Unique Sugar Structures as Fingerprints for Seafood Authentication

Science

Seafood is one of the most widely consumed foods worldwide, yet mislabelling remains a major problem. Seafood fraud can pose health risks, reduce consumer trust, and harm the environment. There is a strong need for fast and reliable methods to identify seafood products in both markets and restaurants. In this study, we show that N-glycans, naturally occurring sugar molecules, can be used to distinguish different fish species, including barramundi, red snapper, and red tilapia. This approach provides an accurate and practical method for seafood authentication.

Societal Impact

Ion mobility–mass spectrometry (IM-MS) is a powerful analytical technique that is increasingly used to study important biological molecules such as proteins, sugars, and lipids. Some sugars, known as glycans, can carry modifications (such as O-acetylation) that create molecules with the same chemical formula but different structures. These structural differences vary between fish species. In this work, we show that these glycan structural patterns can be reliably detected using IM-MS and used to accurately identify fish species. This approach overcomes key limitations of current authentication methods and provides a more robust tool to combat seafood mislabelling. By improving the accuracy of seafood identification, this method supports consumer protection, food transparency, and sustainable fisheries.

Technical Summary

In this study, liquid chromatography–ion mobility–mass spectrometry (LC-IM-MS) was employed to characterize the N-glycan profiles of three commercially relevant fish species: barramundi and snapper, together with tilapia, a common adulterant encountered in markets and restaurants. Principal component analysis (PCA) revealed clear separation and reliable identification of the three species based on the relative abundances of O-acetylated sialic acid–containing N-glycans. In addition, ion mobility–derived drift times and collision cross section (CCS) values of species-specific ions were determined, highlighting distinct glycan signatures and marked differences in their relative intensities among the samples.

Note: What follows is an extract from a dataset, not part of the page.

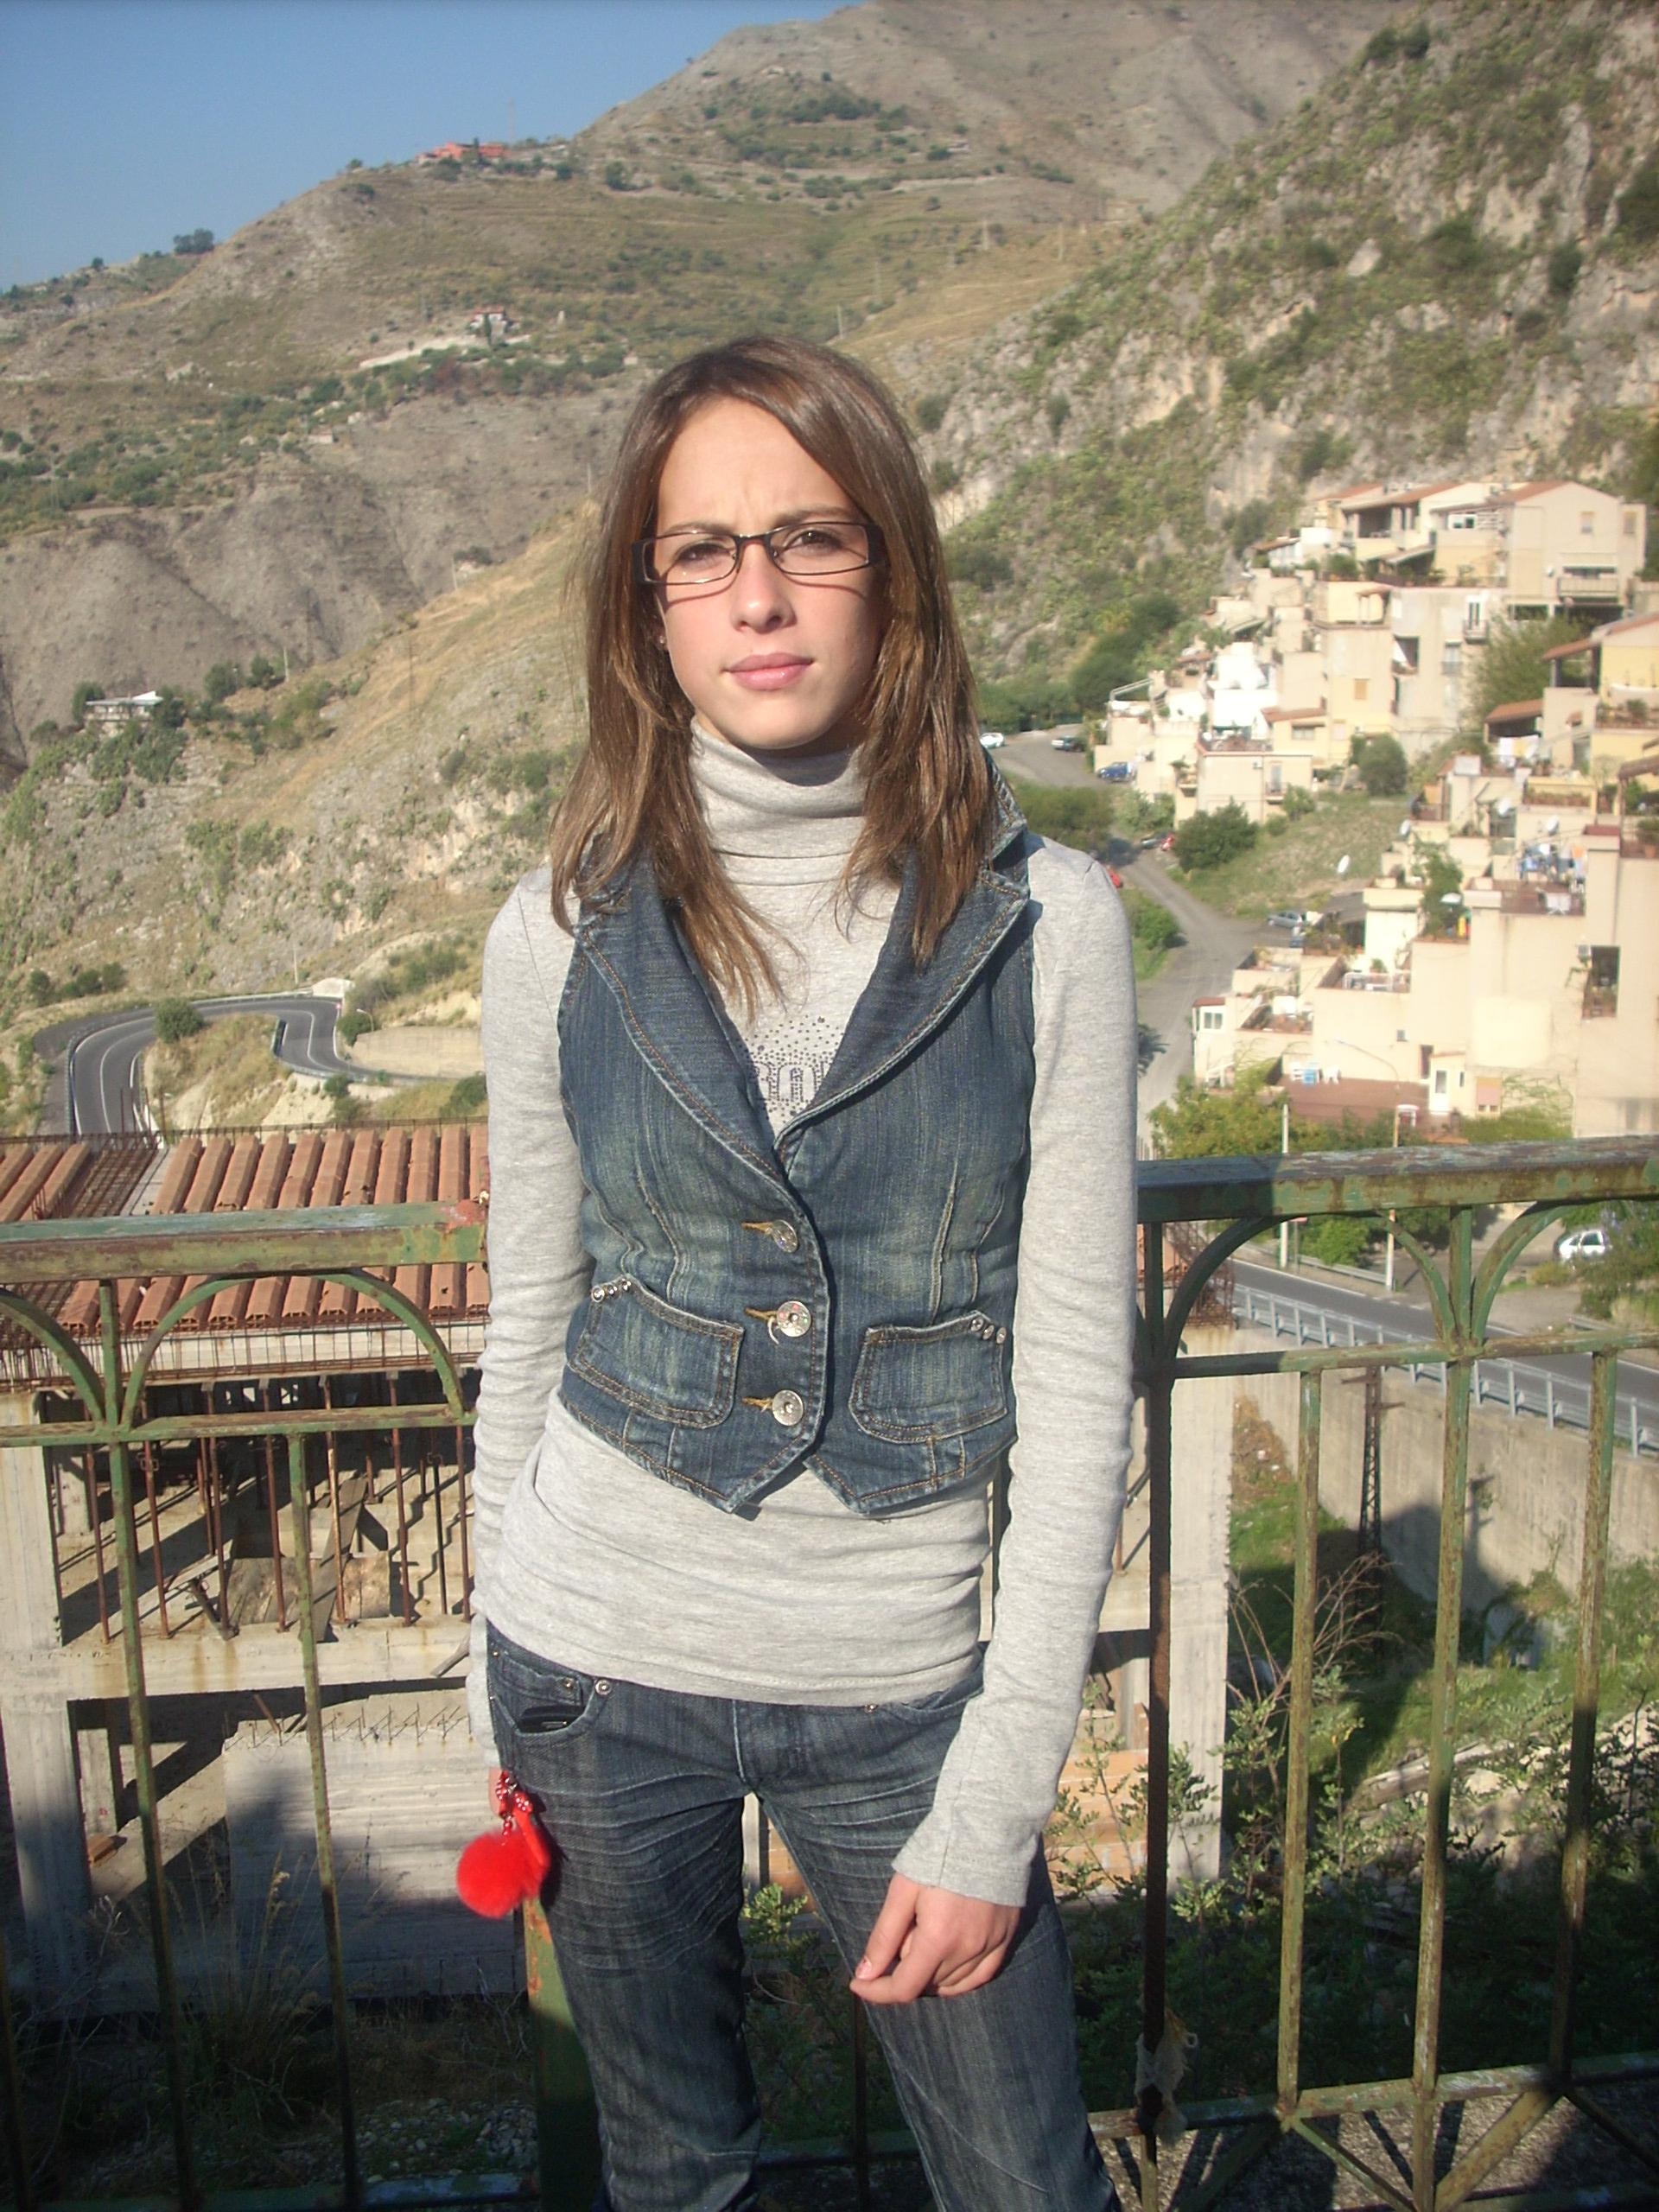 Girl in denim waistcoat 2008.JPG

For the first time, we demonstrate an LC-IM-MS–based strategy for differentiating fish species using O-acetylated sialic acid (O-Ac-Sia)–containing N-glycan fragments. The high consistency of these O-Ac-Sia N-glycan signatures in both raw and heat-treated fish muscle tissues enables species identification across multiple stages of the supply chain, from harvesting to consumer purchase in markets and restaurants. This work establishes food glycomics as a robust alternative to DNA barcoding for seafood authentication. The refined LC-IM-MS glycomics workflow presented here serves as a proof-of-concept and can be further extended to authenticate additional seafood species through the identification and quantification of O-Ac-Sias.

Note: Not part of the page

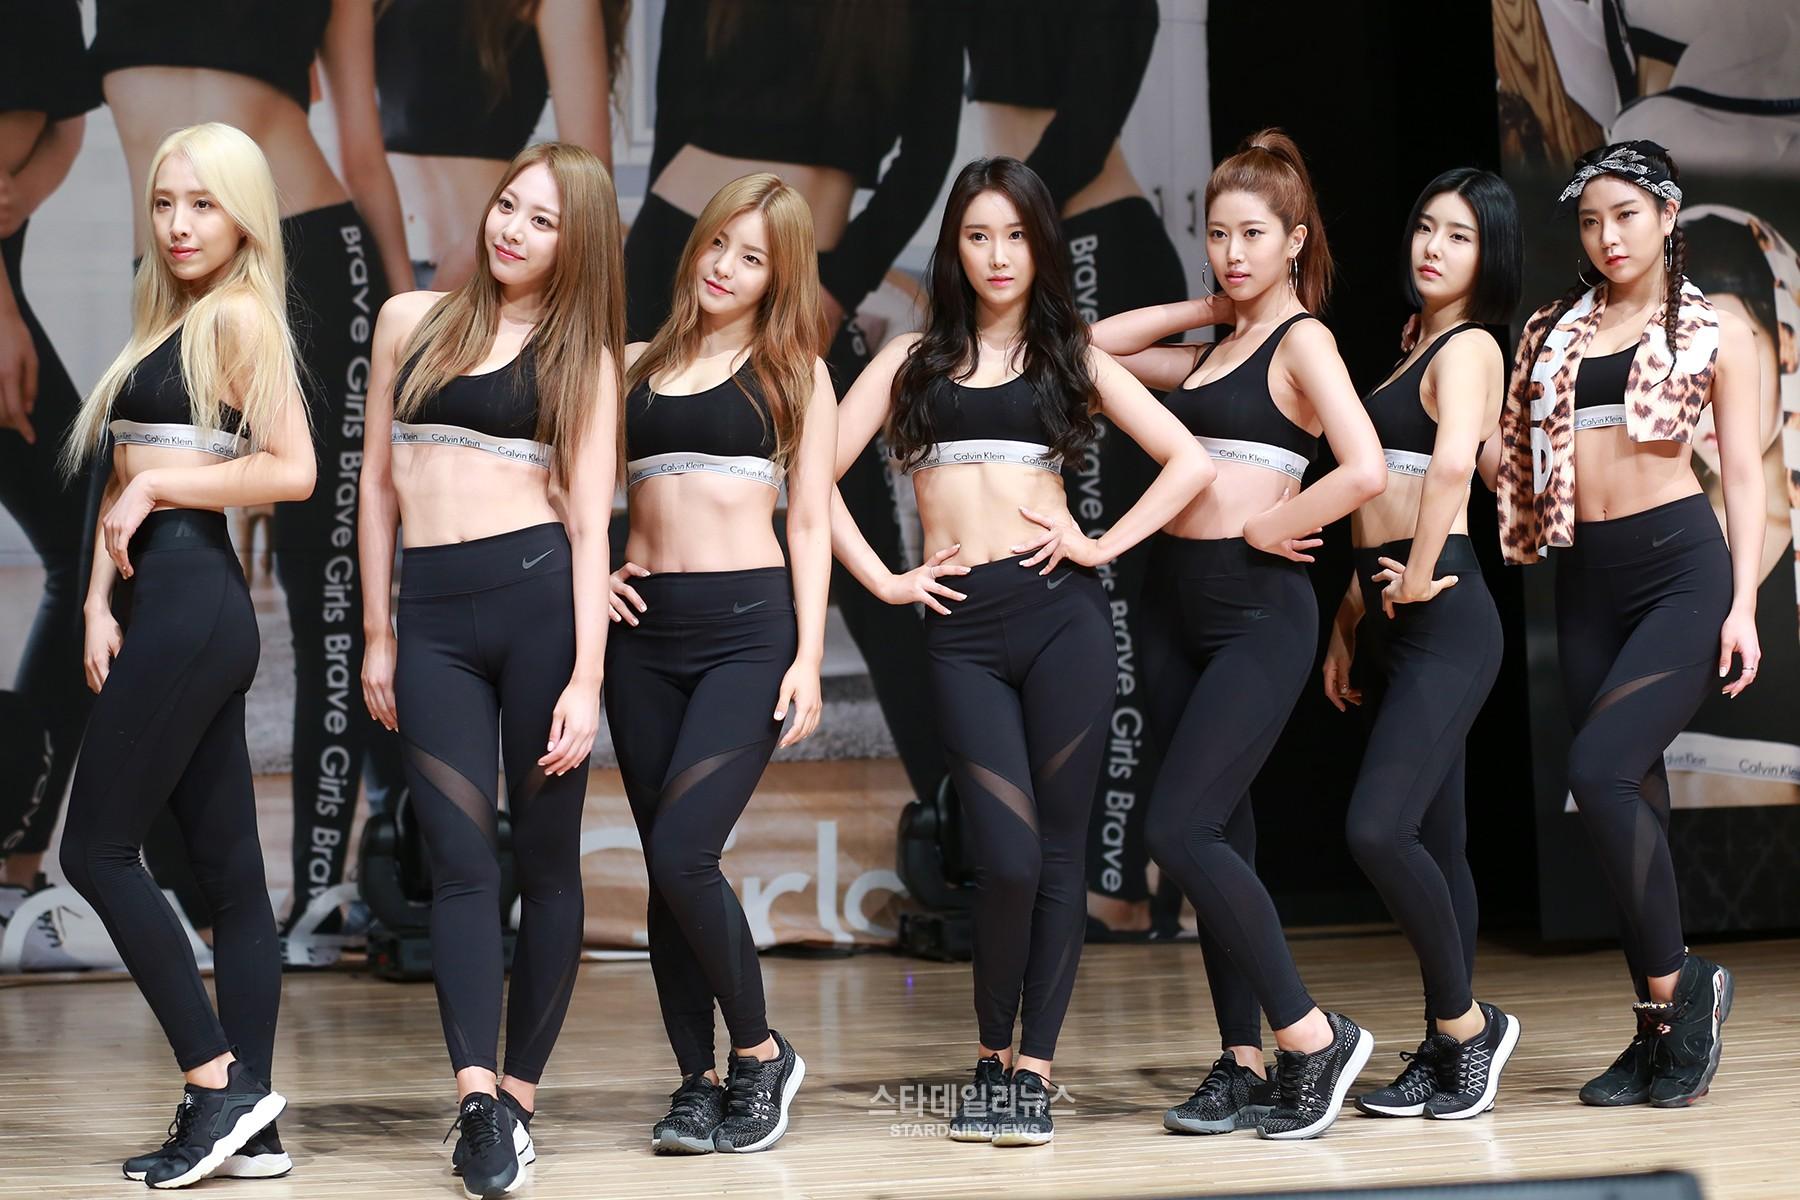 brave girls Brave girls '롤린'(rollin') special choreography video'비글美 폭발'(브레이브걸스, 용감한형제, 골링춤, 여우춤, 혈압춤) - duration: 7:28.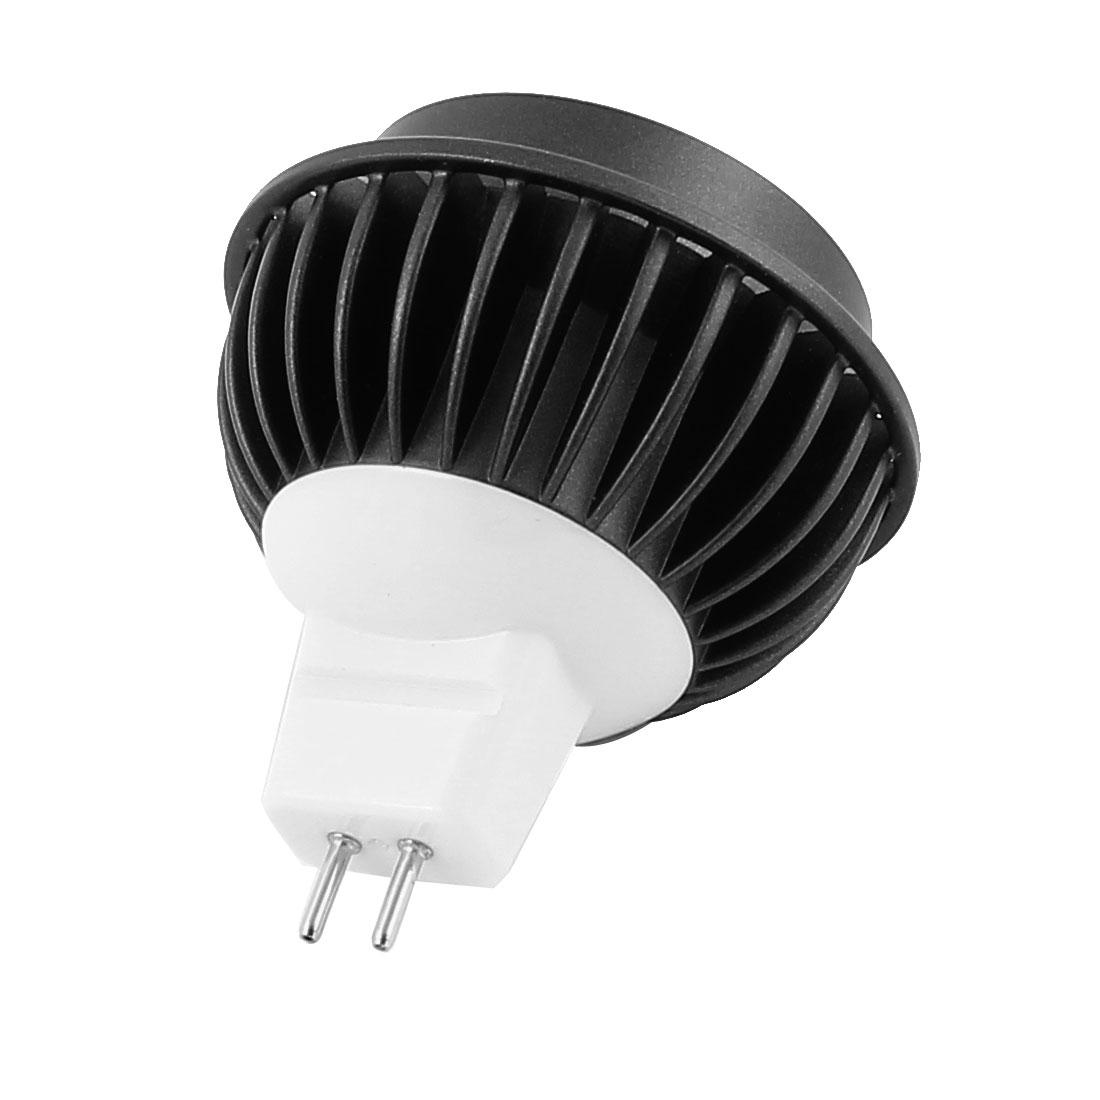 DC12V-3W-Power-MR16-COB-Integrated-Chip-LED-Spotlight-Lamp-Downlight-Warm-White

Figure 1. Glycomics-based workflow for fish authentication of fish species by employing liquid chromatography ion mobility-mass spectrometry analysis.

References

Walsh, I., Ruethers, T., Chiin, S. L., Teo, G., Tay, S. J., Wan, C., Pang, K. T., Chia, S., Lopata, A. L., & Qiu, B. (2025). Differentiation of Fish Species Based on O-Acetylated N-Glycan Fragments Using LC-IM-MS to Combat Seafood Adulteration. Applied Food Research, 101428.